# Dior date codes and authenticity cards



## Luv iz Louis

I have a quick question regarding my new Diorama bag and the tag inside. I am used to the Chanel ones that have a series of numbers that match the authenticity card, but is Dior different?
I notice inside my bag it appears to have a sequence of 2 x numbers, 2 x letters, 4 x numbers ( I think thats what it is as it is hard to read). But my authenticy card is a series of 11 numbers and different.
is this normal? I just want to be sure that it is and not a mix up at the boutique. 
I am only new to Dior so forgive my question if sounds dumb.


----------



## ThisVNchick

The date code is found inside your bag. It tells you the month and year the bag was produced. The numbers on the authenticity card is actually the style number for the bag you bought. The two are not the same.


----------



## Luv iz Louis

ThisVNchick said:


> The date code is found inside your bag. It tells you the month and year the bag was produced. The numbers on the authenticity card is actually the style number for the bag you bought. The two are not the same.

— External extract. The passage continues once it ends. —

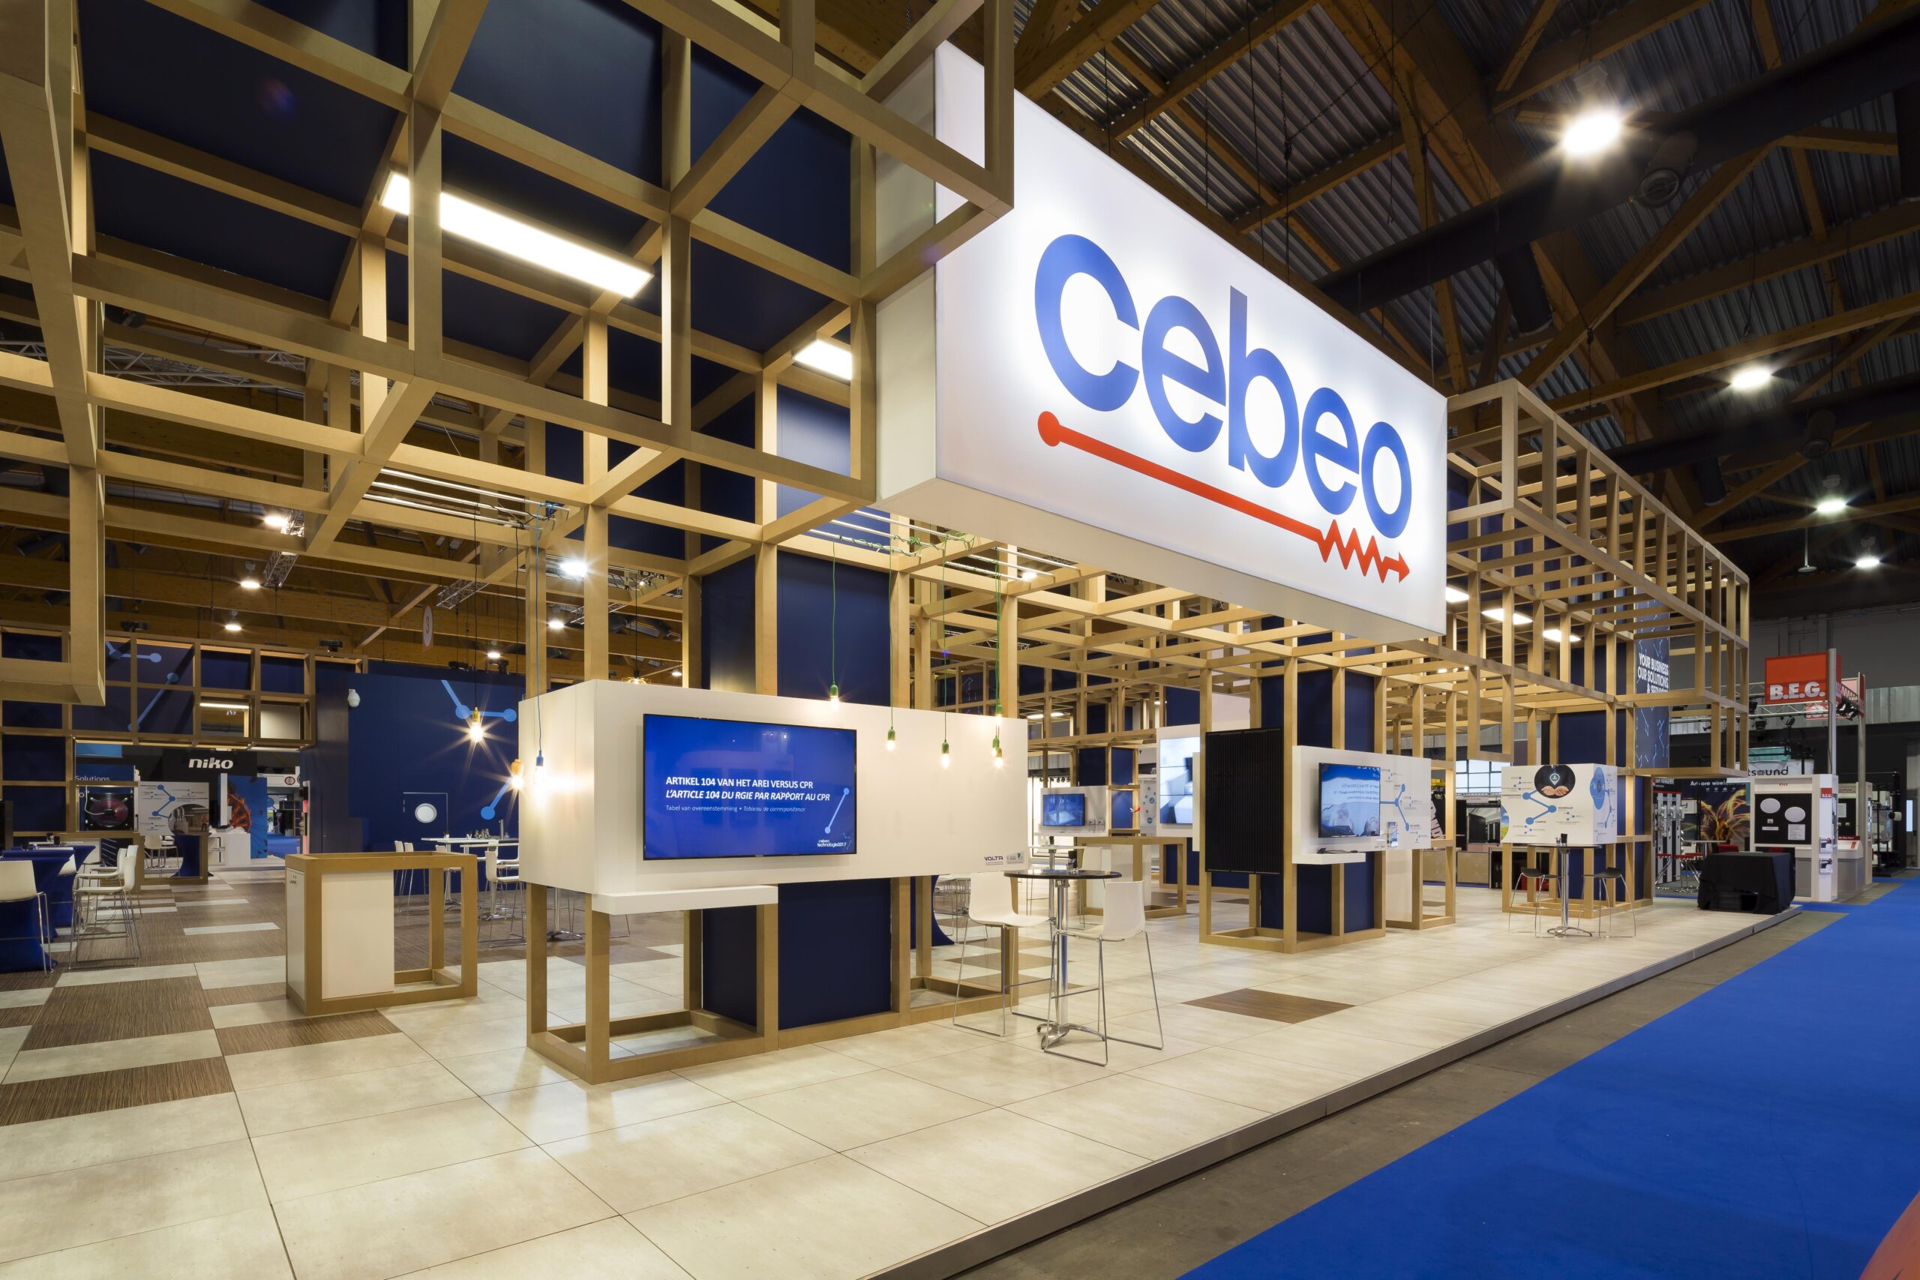 traditionele houtbouw standenbouw met mooie presentatieplekken en een gigantisch logo boven de ingang

Thank you I appreciate the clarification


----------



## Oilbird

I just bought a wallet from Dior and it didn't include an authenticity card. Is that normal? I did buy it directly from a Dior boutique


----------



## averagejoe

Oilbird said:


> I just bought a wallet from Dior and it didn't include an authenticity card. Is that normal? I did buy it directly from a Dior boutique



It should come with a thin quality guarantee card that does not have space for any boutique stamp or writing. But if it doesn't, it's not out of the ordinary. You don't need the card if you were to submit the wallet in for servicing.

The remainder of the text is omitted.